━━━ Extracted data ━━━
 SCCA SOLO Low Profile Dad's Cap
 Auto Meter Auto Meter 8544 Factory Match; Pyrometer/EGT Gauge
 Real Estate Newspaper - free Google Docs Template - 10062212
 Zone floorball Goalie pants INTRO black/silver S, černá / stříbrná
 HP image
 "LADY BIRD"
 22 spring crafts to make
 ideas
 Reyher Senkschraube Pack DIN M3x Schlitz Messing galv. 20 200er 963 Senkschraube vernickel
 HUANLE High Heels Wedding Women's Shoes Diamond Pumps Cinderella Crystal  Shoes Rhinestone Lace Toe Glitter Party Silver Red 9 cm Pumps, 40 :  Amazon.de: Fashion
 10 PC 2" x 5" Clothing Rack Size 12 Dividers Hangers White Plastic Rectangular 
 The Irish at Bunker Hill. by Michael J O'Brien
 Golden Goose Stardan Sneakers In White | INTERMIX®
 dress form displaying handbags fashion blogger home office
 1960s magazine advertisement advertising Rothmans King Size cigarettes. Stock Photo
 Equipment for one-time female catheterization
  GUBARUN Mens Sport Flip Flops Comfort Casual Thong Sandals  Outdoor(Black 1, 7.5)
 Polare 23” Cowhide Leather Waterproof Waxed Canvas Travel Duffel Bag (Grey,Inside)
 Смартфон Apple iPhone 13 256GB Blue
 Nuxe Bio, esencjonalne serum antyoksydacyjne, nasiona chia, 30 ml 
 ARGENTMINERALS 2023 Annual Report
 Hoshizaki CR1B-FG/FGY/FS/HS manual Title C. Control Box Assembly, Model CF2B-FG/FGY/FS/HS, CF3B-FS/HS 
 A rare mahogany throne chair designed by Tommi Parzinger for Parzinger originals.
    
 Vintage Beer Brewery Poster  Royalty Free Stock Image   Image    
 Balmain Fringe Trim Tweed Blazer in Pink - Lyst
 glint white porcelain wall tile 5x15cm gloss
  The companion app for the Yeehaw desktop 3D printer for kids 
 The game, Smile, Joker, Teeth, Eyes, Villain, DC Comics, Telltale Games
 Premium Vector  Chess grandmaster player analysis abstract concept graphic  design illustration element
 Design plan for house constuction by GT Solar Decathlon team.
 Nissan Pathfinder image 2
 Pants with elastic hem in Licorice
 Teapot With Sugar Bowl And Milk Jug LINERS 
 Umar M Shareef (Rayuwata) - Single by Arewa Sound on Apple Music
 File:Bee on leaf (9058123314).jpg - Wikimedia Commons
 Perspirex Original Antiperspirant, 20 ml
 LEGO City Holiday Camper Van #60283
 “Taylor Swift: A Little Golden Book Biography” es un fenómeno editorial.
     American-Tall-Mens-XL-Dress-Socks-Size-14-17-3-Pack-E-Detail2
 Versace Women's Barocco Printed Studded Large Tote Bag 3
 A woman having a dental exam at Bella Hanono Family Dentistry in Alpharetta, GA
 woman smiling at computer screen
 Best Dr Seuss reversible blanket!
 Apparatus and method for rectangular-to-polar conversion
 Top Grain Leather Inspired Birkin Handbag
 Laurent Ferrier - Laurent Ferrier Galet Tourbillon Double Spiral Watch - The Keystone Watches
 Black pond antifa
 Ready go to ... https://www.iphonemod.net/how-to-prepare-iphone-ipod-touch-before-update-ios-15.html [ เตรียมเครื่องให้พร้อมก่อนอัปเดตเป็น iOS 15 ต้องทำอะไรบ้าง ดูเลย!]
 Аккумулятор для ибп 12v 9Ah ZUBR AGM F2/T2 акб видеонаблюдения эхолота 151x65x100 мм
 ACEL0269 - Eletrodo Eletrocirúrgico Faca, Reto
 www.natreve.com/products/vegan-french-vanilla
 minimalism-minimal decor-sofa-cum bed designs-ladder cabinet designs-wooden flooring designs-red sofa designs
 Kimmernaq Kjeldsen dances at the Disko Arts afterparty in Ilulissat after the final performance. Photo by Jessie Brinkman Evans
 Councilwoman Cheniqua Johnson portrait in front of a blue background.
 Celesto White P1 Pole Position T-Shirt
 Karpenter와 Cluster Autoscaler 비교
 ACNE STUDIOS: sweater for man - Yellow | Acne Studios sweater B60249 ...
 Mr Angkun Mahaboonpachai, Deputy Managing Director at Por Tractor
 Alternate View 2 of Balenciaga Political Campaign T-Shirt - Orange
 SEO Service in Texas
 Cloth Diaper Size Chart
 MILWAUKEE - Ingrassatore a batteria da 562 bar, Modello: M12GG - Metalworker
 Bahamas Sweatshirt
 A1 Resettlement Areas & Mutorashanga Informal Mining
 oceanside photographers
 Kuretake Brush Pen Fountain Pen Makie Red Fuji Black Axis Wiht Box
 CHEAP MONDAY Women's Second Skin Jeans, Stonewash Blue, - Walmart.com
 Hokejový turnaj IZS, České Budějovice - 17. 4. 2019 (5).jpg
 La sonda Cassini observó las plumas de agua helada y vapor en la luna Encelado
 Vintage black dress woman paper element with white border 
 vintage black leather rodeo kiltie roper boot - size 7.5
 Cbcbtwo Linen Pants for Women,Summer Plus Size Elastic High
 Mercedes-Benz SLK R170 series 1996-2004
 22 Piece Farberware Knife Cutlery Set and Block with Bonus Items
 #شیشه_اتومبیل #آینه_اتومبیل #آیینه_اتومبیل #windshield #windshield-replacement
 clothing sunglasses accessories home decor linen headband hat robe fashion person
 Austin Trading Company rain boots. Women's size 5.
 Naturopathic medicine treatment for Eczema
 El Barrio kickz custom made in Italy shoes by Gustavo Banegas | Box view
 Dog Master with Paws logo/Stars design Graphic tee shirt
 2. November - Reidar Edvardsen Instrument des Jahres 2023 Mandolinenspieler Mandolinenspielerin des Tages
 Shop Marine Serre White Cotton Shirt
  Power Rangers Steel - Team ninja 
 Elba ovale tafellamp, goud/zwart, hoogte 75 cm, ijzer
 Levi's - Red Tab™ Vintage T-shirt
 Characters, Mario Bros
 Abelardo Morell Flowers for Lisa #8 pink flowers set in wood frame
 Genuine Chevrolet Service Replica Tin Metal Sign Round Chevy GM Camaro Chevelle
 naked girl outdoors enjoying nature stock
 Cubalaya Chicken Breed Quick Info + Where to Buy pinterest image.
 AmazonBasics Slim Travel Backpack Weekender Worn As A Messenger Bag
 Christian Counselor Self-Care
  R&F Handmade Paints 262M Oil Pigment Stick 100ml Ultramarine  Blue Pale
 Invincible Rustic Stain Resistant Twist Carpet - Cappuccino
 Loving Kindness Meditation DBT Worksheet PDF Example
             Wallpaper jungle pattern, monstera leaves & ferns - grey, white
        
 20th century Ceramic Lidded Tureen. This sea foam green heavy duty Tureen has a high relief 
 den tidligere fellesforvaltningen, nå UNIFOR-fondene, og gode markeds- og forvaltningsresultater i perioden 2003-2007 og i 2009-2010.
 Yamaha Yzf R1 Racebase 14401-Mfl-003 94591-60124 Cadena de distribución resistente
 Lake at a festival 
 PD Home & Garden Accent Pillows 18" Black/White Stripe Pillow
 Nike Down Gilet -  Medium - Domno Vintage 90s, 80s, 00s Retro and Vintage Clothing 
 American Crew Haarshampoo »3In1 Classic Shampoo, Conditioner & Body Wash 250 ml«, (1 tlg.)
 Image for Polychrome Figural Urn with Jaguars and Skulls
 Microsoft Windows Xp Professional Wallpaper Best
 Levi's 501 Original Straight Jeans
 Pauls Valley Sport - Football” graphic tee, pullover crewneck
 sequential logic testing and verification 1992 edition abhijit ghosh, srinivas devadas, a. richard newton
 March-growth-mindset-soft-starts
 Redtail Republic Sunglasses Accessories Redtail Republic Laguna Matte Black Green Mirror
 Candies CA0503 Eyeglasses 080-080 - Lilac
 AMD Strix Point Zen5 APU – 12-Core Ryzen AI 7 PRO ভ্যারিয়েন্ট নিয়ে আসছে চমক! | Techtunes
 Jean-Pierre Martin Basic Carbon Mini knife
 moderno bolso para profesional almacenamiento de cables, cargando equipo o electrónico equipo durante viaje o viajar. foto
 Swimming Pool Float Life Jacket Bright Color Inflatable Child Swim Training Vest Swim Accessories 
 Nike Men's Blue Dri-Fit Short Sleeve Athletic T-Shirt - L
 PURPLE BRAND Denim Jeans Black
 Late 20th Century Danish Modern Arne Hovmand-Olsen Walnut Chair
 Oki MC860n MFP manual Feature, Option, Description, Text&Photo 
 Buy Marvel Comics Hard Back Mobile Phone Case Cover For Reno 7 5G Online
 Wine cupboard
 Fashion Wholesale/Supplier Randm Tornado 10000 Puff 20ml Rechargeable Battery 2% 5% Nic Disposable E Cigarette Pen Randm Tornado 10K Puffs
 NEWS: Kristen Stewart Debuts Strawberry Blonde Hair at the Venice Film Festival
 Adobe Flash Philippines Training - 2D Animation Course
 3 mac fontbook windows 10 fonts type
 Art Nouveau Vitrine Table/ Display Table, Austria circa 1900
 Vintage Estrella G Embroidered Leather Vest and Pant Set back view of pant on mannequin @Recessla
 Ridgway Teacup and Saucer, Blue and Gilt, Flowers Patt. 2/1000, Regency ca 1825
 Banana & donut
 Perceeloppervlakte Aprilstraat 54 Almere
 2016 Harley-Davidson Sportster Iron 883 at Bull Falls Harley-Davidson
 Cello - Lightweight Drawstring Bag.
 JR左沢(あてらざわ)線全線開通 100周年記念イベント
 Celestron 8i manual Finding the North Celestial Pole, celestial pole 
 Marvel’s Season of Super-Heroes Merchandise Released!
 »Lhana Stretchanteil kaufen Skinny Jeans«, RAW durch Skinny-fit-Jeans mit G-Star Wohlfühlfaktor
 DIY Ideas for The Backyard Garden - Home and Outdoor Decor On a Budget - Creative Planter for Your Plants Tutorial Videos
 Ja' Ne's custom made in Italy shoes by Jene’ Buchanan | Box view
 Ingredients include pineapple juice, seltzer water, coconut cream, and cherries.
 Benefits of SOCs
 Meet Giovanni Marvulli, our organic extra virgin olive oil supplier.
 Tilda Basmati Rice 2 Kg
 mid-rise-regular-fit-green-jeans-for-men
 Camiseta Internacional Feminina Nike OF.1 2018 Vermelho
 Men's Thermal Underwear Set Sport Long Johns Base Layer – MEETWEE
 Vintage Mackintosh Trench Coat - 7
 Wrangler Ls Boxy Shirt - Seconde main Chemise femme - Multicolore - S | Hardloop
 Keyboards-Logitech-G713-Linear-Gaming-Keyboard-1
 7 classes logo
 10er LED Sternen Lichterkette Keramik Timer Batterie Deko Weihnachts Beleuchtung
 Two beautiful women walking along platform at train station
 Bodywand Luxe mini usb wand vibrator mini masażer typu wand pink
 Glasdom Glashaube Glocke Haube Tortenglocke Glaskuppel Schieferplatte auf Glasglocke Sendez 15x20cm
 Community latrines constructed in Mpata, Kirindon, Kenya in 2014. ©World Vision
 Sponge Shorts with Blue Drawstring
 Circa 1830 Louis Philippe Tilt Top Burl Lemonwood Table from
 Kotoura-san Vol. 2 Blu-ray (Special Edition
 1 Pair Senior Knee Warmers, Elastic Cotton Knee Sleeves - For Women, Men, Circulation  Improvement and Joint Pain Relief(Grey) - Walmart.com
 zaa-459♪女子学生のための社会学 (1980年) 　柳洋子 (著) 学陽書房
━━━
* [Instructions to follow]
Pull every line containing the word "Vest" out of the listing.

* [Exercise result]
 Swimming Pool Float Life Jacket Bright Color Inflatable Child Swim Training Vest Swim Accessories 
 Vintage Estrella G Embroidered Leather Vest and Pant Set back view of pant on mannequin @Recessla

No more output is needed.